Sunday, April 11 ♥
Worth Another.
"Lets send the love shock, to the top!"
Well that's a line from the pre-chorus of Zai's 'Love Shocked' that i was helping him with last night for his school project. All back up vocals done and showcase will be on wed at his school. Hope he can schedule us for a 1 time rehearsal, coz i havent met with any of his other musicians before. Otherwise, gotta just hit the studio and do it spontaneously. how possible. scary.
I borrowed the cd from him and watched back the gig we had back then @ TJC. That was like in 2005. One word. Awful. I cringed throughout the whole video for the fact that, 1st, i looked horrible. 2nd, i didnt know i was such a bimbo. 3rd, we sounded really bad, and i sounded worst. I could hardly understand what i was singing. Wah damn bad. I always thought we were good. Apparently, not at all.

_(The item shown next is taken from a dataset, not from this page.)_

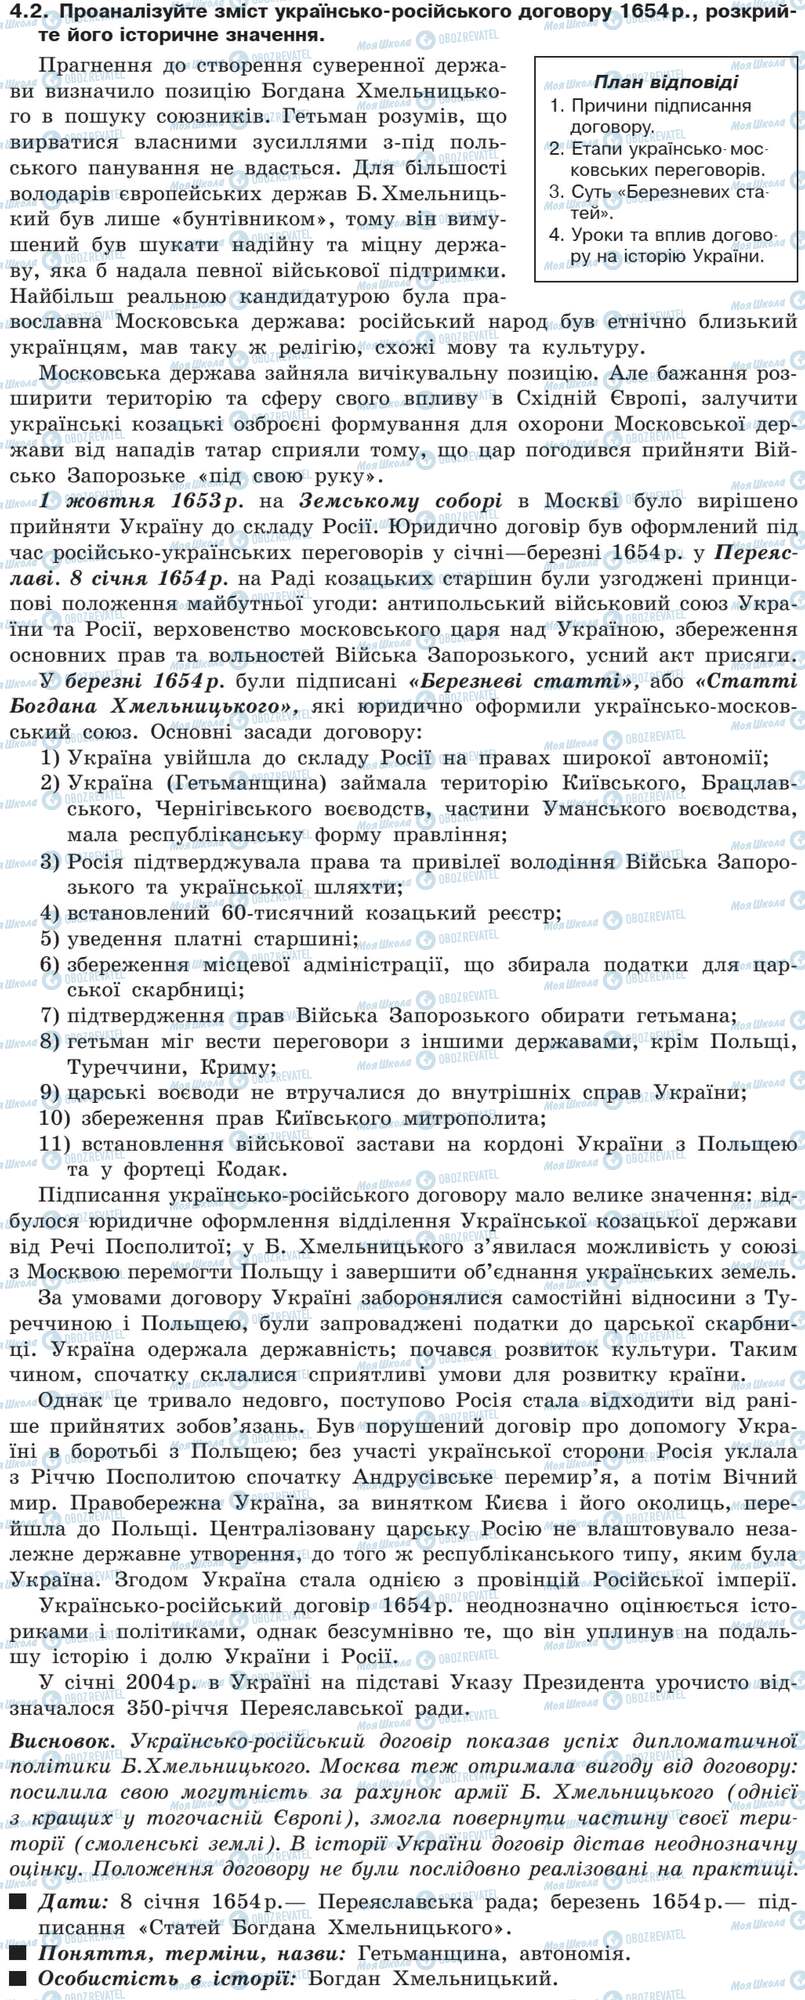 ДПА Історія України 9 клас сторінка 4.2

But for the fact that we were so pathetic but could AT LEAST perform somewhere, that's good enough. I didn't know we had so many songs last time. Definitely we were so cute and i miss the guys. If we can do a remake on those songs, would be wonderful.
Being a performer is never easy. You always need to appeal to the masses and perform songs that are familiar, popular on the radio, and easy listening. I'm never the sort who will put such songs on repeat, or even have them on my playlist. Now i'm struggling. I'm practically downloading songs that are currently in their top 40s just to keep myself updated, and hoping i can easily sing along to it if there's such request.

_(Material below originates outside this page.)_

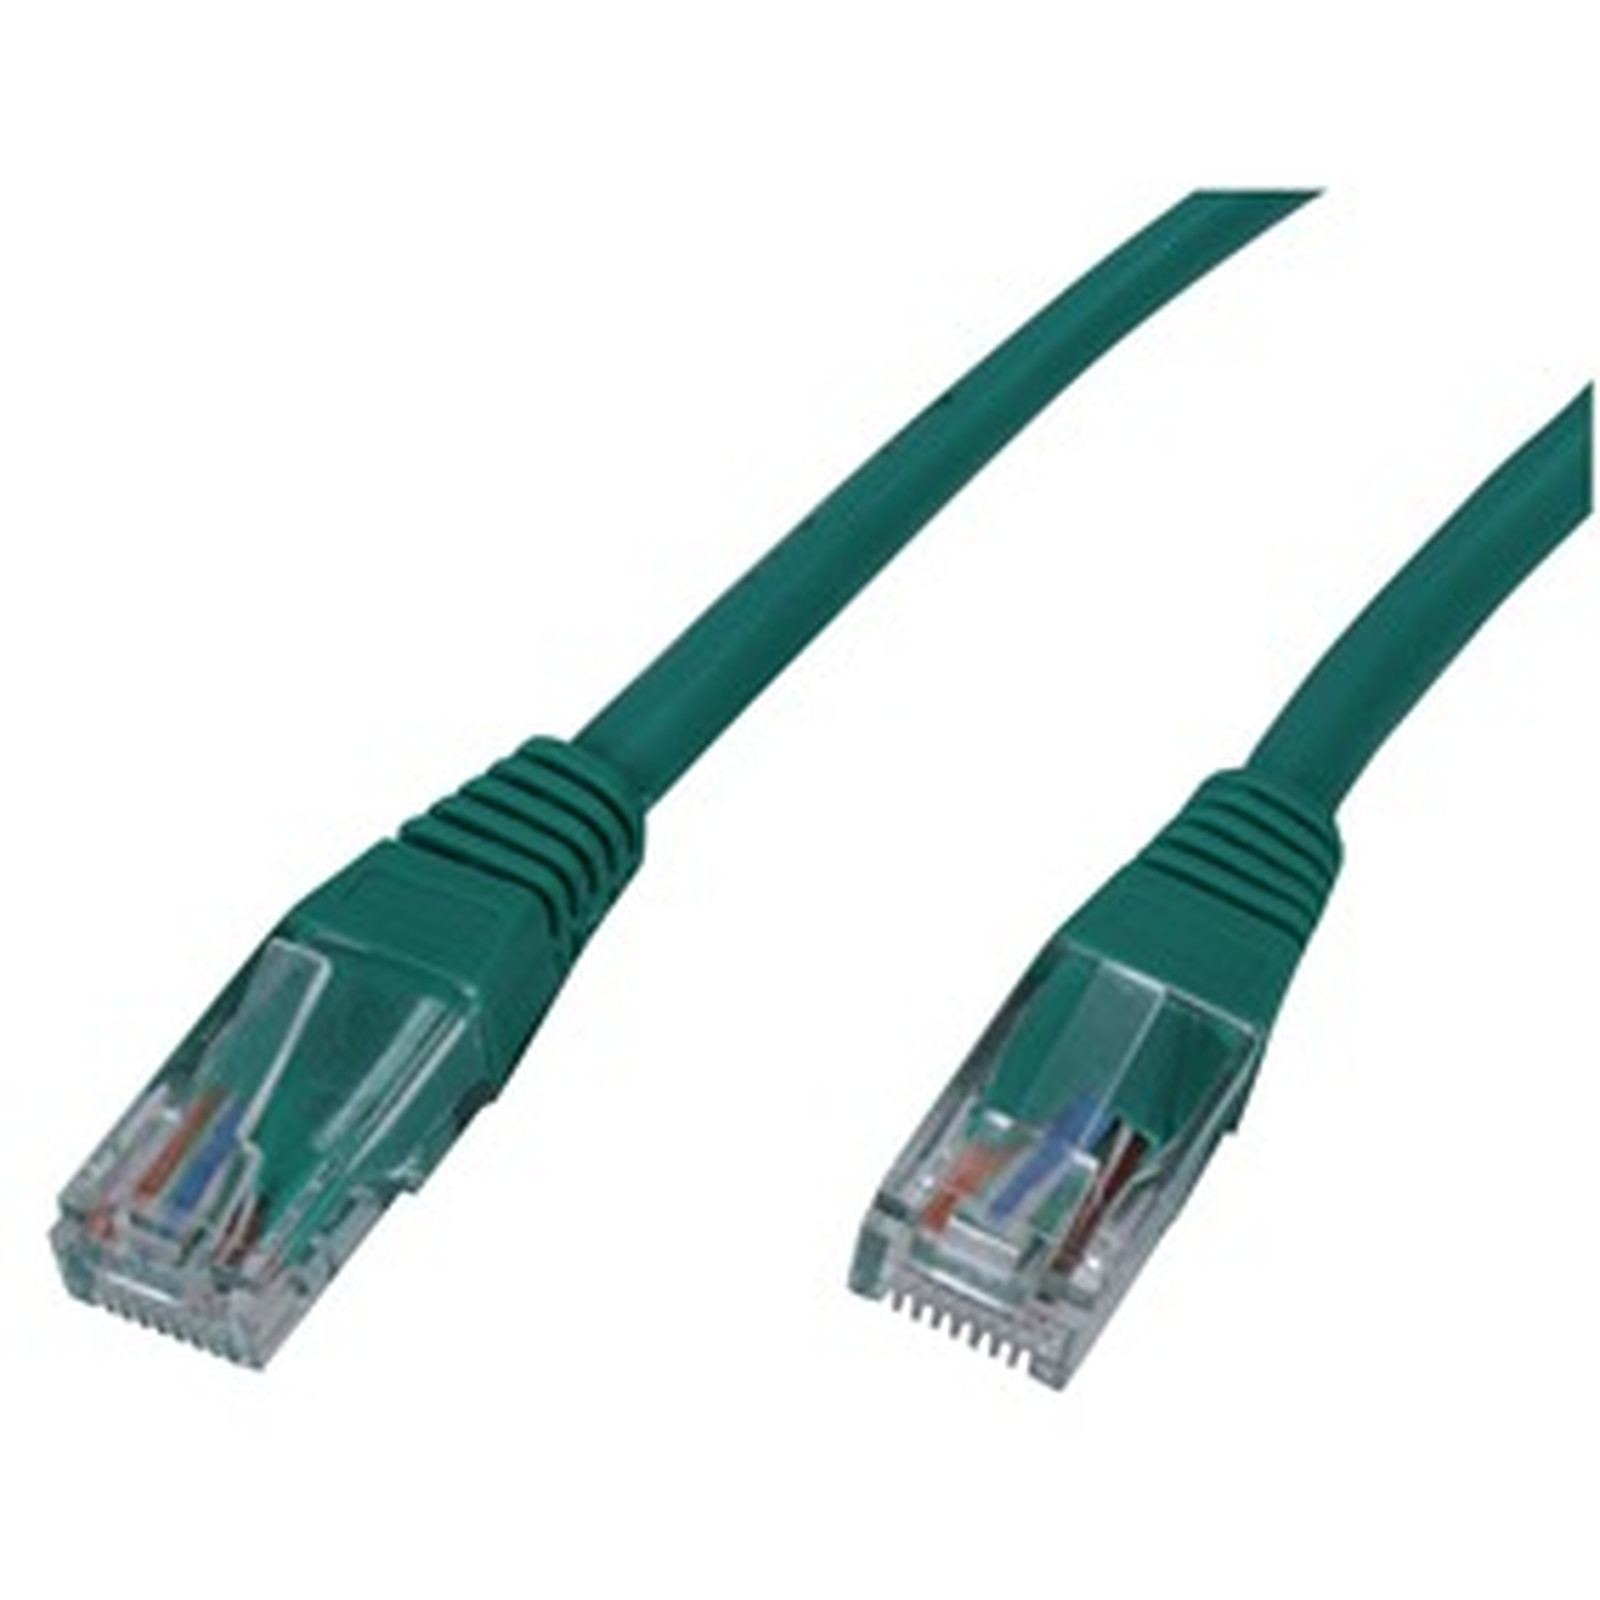 Cable RJ45 categorie 5e U/UTP 3 m (Vert) - Cable RJ45 Generique

With this updated playlist, none are my favourites. err except for Adam Lambert's 'Whataya Want From Me'. Yar that's all. So listening to good korean songs all these while werent that bad afterall hahah.

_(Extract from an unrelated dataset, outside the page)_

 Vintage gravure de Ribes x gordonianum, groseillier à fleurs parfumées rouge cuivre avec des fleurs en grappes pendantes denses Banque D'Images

Sidetrack, i've been worrying about something. I don't know if it's worthwhile to even worry about such a thing. Is it that important afterall. I feel like as if i'm back at the same phase of life, like in the past, where i'm free to do my own things, free to talk to whoever i want, free to be with whoever i want, free to go wherever i want. I'm pretty much so adapted to this now that, for a moment, i ponder why am i still so worried.
Could it be the feeling of security that i was so used to? Or could it possibly be the sense of loyalty for someone. Where you know there will be no worries, and where you pretty much know how's life gonna be. And it's so devastating to know that you were actually clinging to false hopes and empty silly dreams.
Maybe it's too early to think about it now. I still have this hope crying inside. But i'm afraid 'hopes' can do the same shit to you. I seriously don't know what to expect now.
I need to prepare for the worst. Wait, i think i have. I'm already up on my feet, and walking, running. It's time for self-defense. Say no to cheaters. My loyalty is worth another loyal soul.